State v. Cash

CourtCourt of Appeals of Kansas
DecidedJune 9, 2017
Docket116560
StatusUnpublished

This text of State v. Cash (State v. Cash) is published on Counsel Stack Legal Research, covering Court of Appeals of Kansas primary law. Counsel Stack provides free access to over 12 million legal documents including statutes, case law, regulations, and constitutions.

Bluebook
State v. Cash, (kanctapp 2017).

Opinion

NOT DESIGNATED FOR PUBLICATION

No. 116,560

IN THE COURT OF APPEALS OF THE STATE OF KANSAS

STATE OF KANSAS, Appellee,

v.

CHRISTOPHER DEAN CASH, Appellant.

MEMORANDUM OPINION

Appeal from Cowley District Court; NICHOLAS M. ST. PETER, judge. Opinion filed June 9, 2017. Affirmed.

Randall L. Hodgkinson, of Kansas Appellate Defender Office, for appellant.

Larry R. Schwartz, county attorney, and Derek Schmidt, attorney general, for appellee.

Before ARNOLD-BURGER, C.J., HILL, J., and HEBERT, S.J.

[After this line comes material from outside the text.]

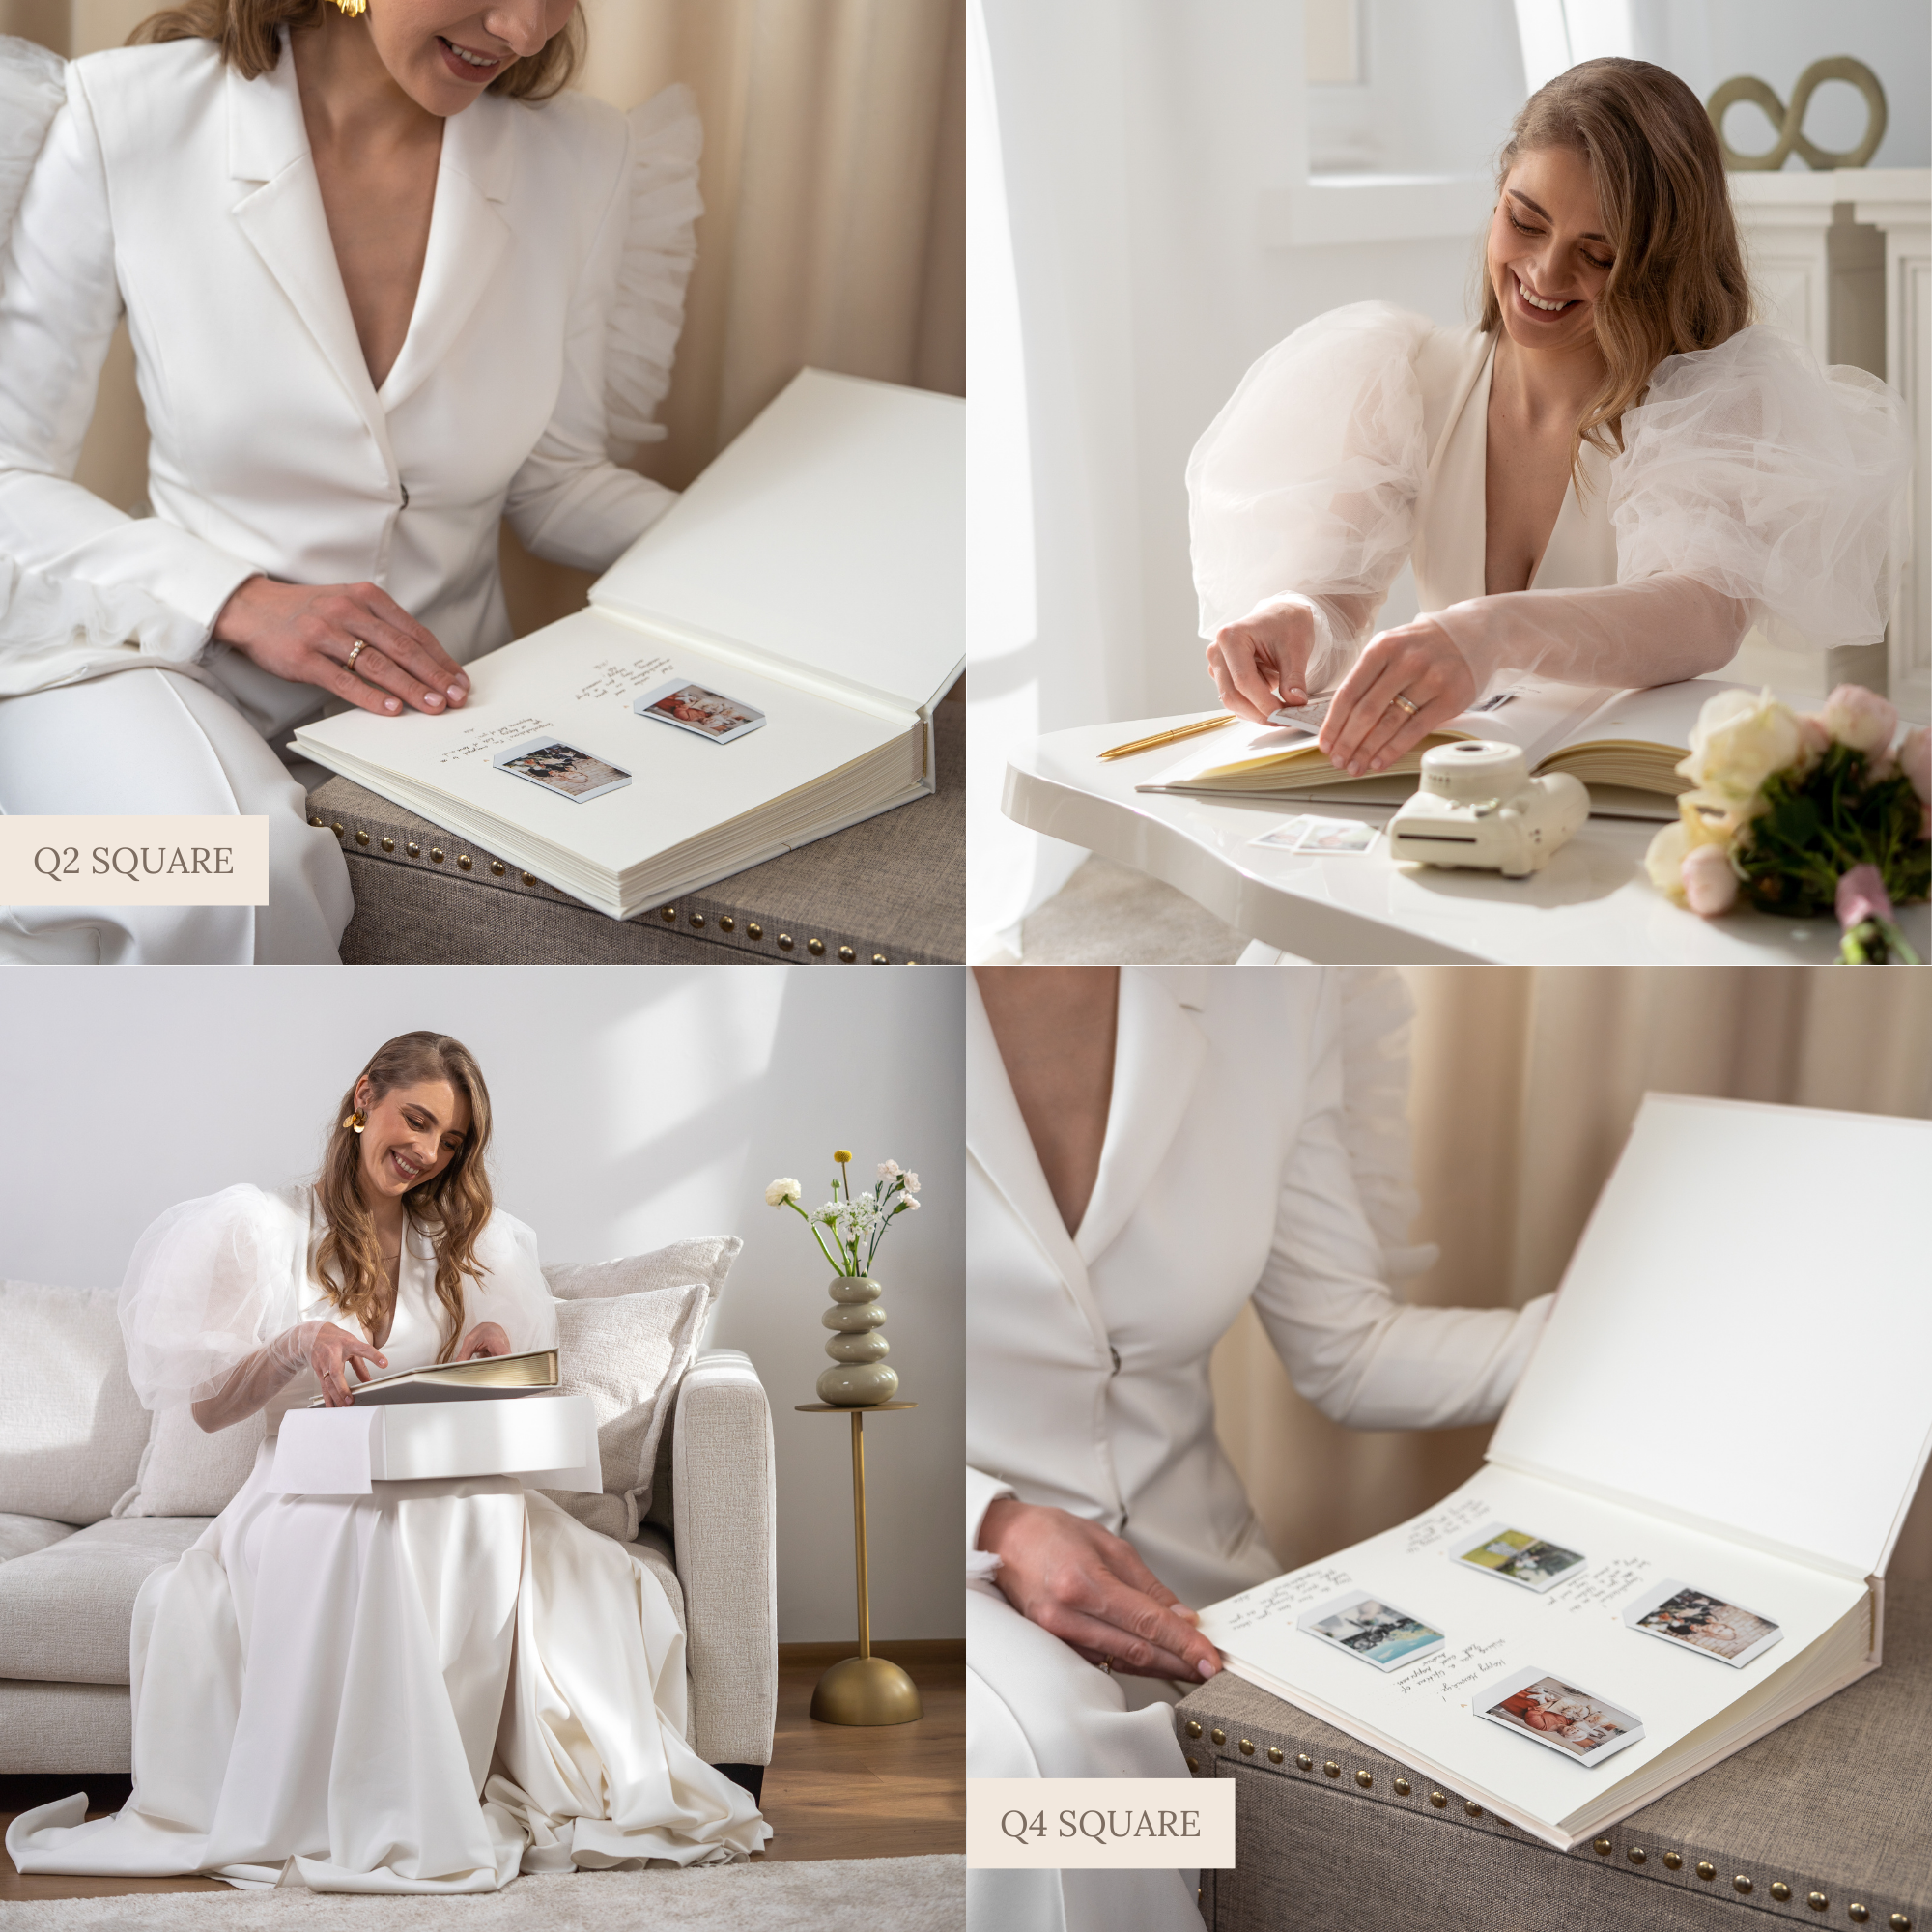 Ivory, White Velour | Guest Book

Per Curiam: Christopher Dean Cash pled guilty to one count of aggravated sexual battery and was sentenced to 36 months in prison and 24 months' postrelease supervision, which the district court suspended so that Cash could serve the time on probation. Cash violated the terms of his probation, causing the district court to revoke his probation and order him to serve his underlying sentence, including the 24 months' postrelease supervision. Shortly thereafter, the State filed a motion to correct an illegal sentence seeking modification of the term of postrelease supervision from 24 months to life. The district court granted the motion. Cash now appeals. Because we find that Cash's sentence

1 was illegal from the beginning, we affirm the district court's modification of his sentence from 24 months' postrelease supervision to lifetime postrelease supervision.

FACTUAL AND PROCEDURAL HISTORY

In 2012, Cash pled guilty to one count of aggravated sexual battery. The district court sentenced him to 36 months in prison with 24 months' postrelease supervision. The district court then suspended the prison sentence and ordered probation. In 2015, after first imposing graduated sanctions, the district court revoked Cash's probation and ordered him to serve his underlying sentence including the 24 months' postrelease supervision.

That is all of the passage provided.